この日あがったネコザメの最大サイズは115㎝の老齢個体であった。60㎝径の磯網で何とか引き上げることができるサイズである。
泉津港の特徴である足元から一気に深くかけ下がる形状を利用し、10mほど投げることにより棚を一気に下げ、ナヌカザメや深海ザメの一種であるフトツノザメまで釣り上げる事ができた。
ナヌカザメは雄雌双方120㎝程の個体を釣り上げた。
陸にあげると口から大量の海水を吐き出し丸くなり硬直する。その吐き出す海水の量に驚かされた。
エサを投げ込み、ただ待つだけの非常にシンプルで簡単。待っている間は夜を通して満天の星空を眺たり、同行者との会話を楽しむ。
シンプルではあるが、サメやウツボ、エイ等異形の姿の魚達に出逢うことができる、非常に魅力的な釣りである。ただし、サメやウツボは強靭な歯を持ち、また、エイは毒針を尾に持ち合わせており、取込みの際などには十分気を付けていただき楽しんでいただきたい。
実食編
ネコザメとナヌカザメ双方食べてみたかったのだが、今回はナヌカザメの雄を頂くことにした。

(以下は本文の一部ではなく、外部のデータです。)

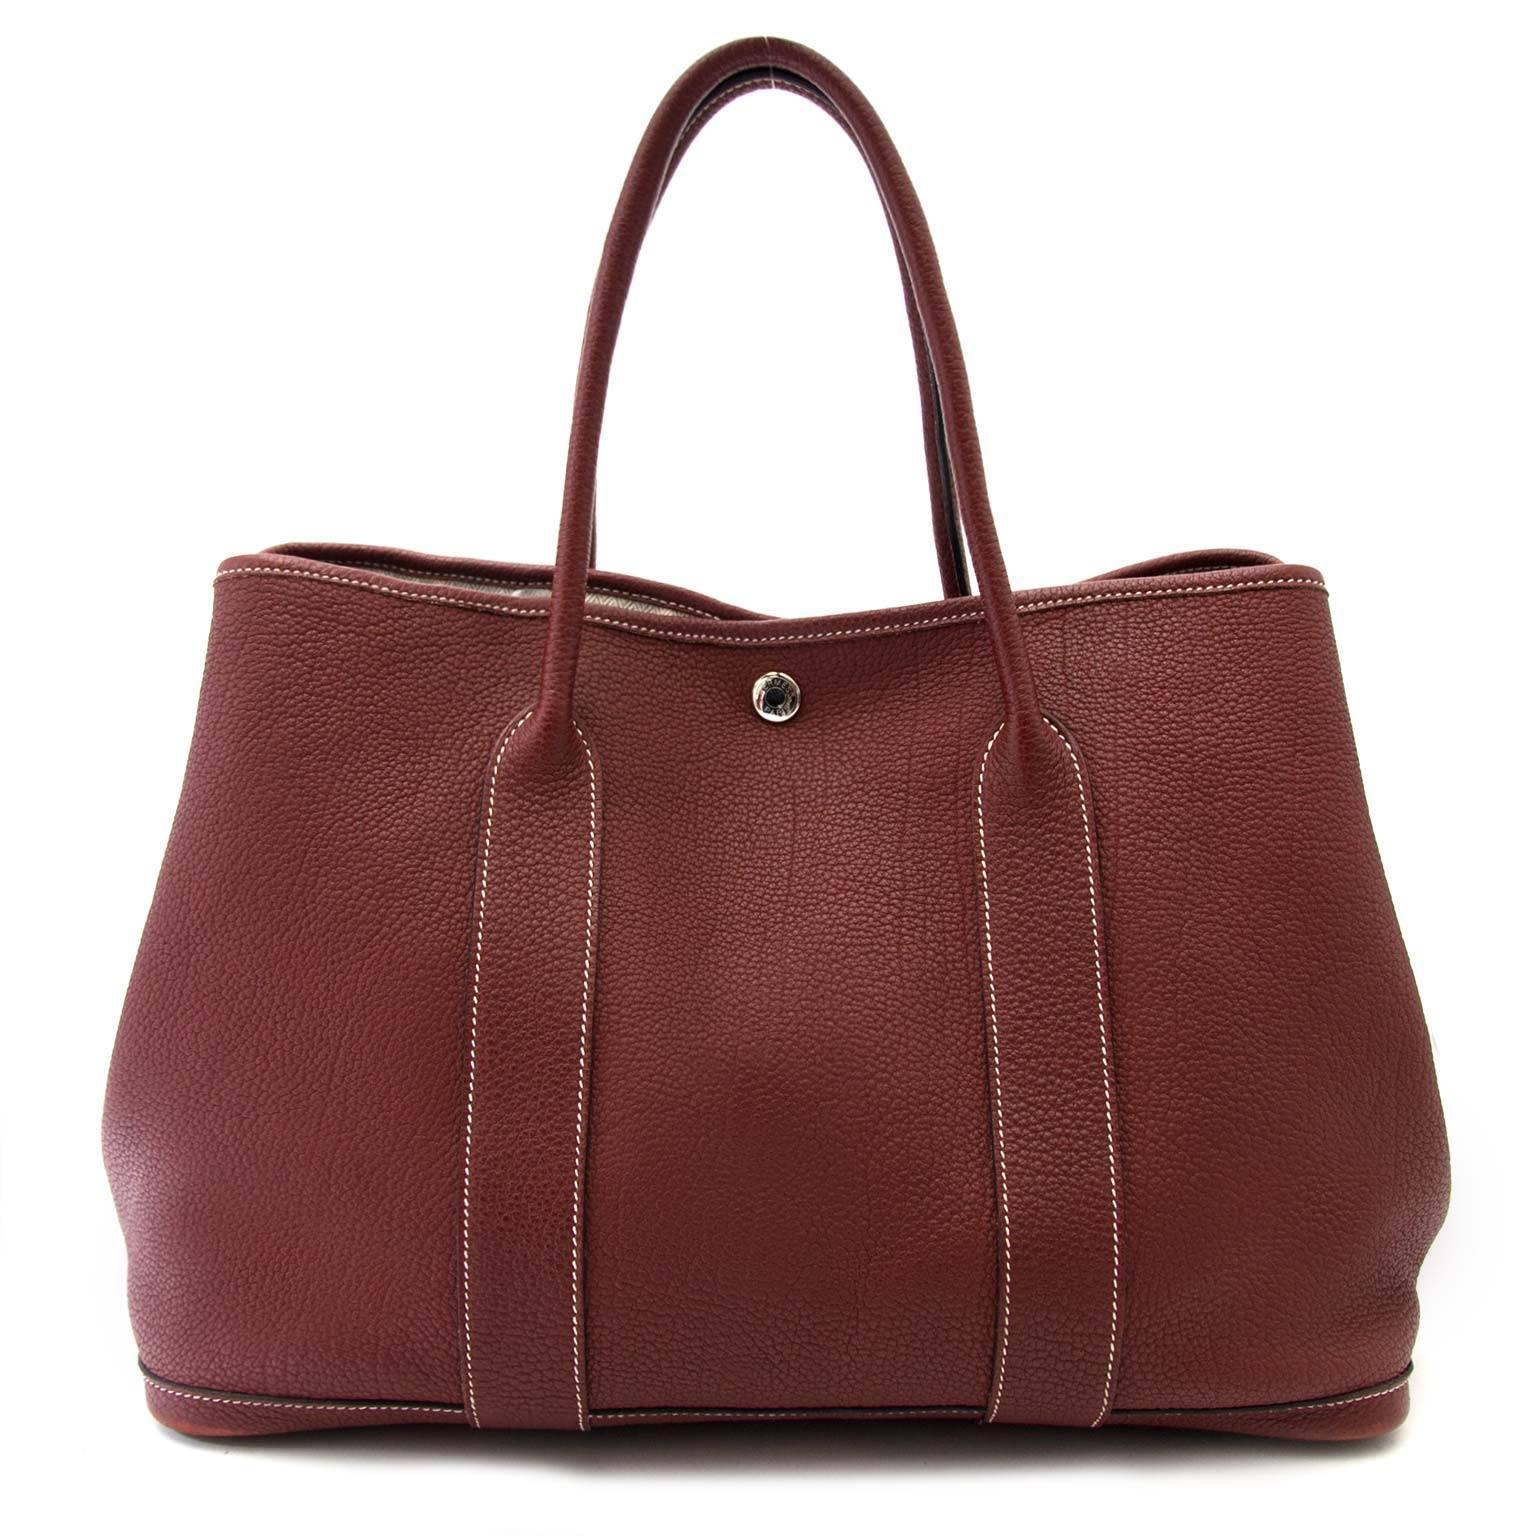 6832b445c72e Hermès Garden Party 36 Bordeaux tote bag at 1stdibs

岡田港の側の民宿吉陽さんにご協力頂き、早朝にも関わらず厨房をお借りした。
なかなか捌く機会のない軟骨魚類のサメであったが、容易く解体を終える。皮を剥ぐと美しい身が現れた。又、鰭の部位はフカヒレを作るために持ち帰ることにした。
今回は新鮮ということで刺身。そして鉄板のから揚げを調理し、ありがたく頂くことにした。
鰭は現在も自宅で乾燥中である。近日ふか鰭スープで頂く予定である。
皮は剥ぎやすく軟骨魚類だけに骨もない。
ナヌカザメのお刺身。非常に綺麗な身に期待が高まる。
から揚げもカラッと揚がった。実食に向けて期待が高まる。
先ずは刺身。
非常に水っぽく臭みは全くない。同時に味もない。なんというか奇妙なシャキシャキ感であった。なんとも不思議なお刺身。つまり微妙な一品となった。
次に頬張ったのは唐揚げ…
さくっと衣を噛むと中から口中に広がるジューシーな脂と思いきや、なんとこれは水分。これはあかん!あかん!一品。完食はしたが、とても残念な味わいであった。
ナヌカザメは難しい食材であることが明らかとなる。
友人の稻田氏。彼の表情が上記2品の微妙さを物語る。
後日、今回の結果を『サメ料理研究家』の田中一嘉氏に相談したところ、彼の調理したナヌカザメは寒ボラのような食感で非常に美味しかったと言うこと。ほぼ同時期に釣れたもので、我々が食べたのと同様に雄であった。彼が調理した写真を観て納得。巧みに手の込んだ料理の数々であった。
次回は伊豆大島に荷物いっぱいの調味料類を担いでいく、もしくは『サメ料理研究家』を連れて行く必要がありそうだ。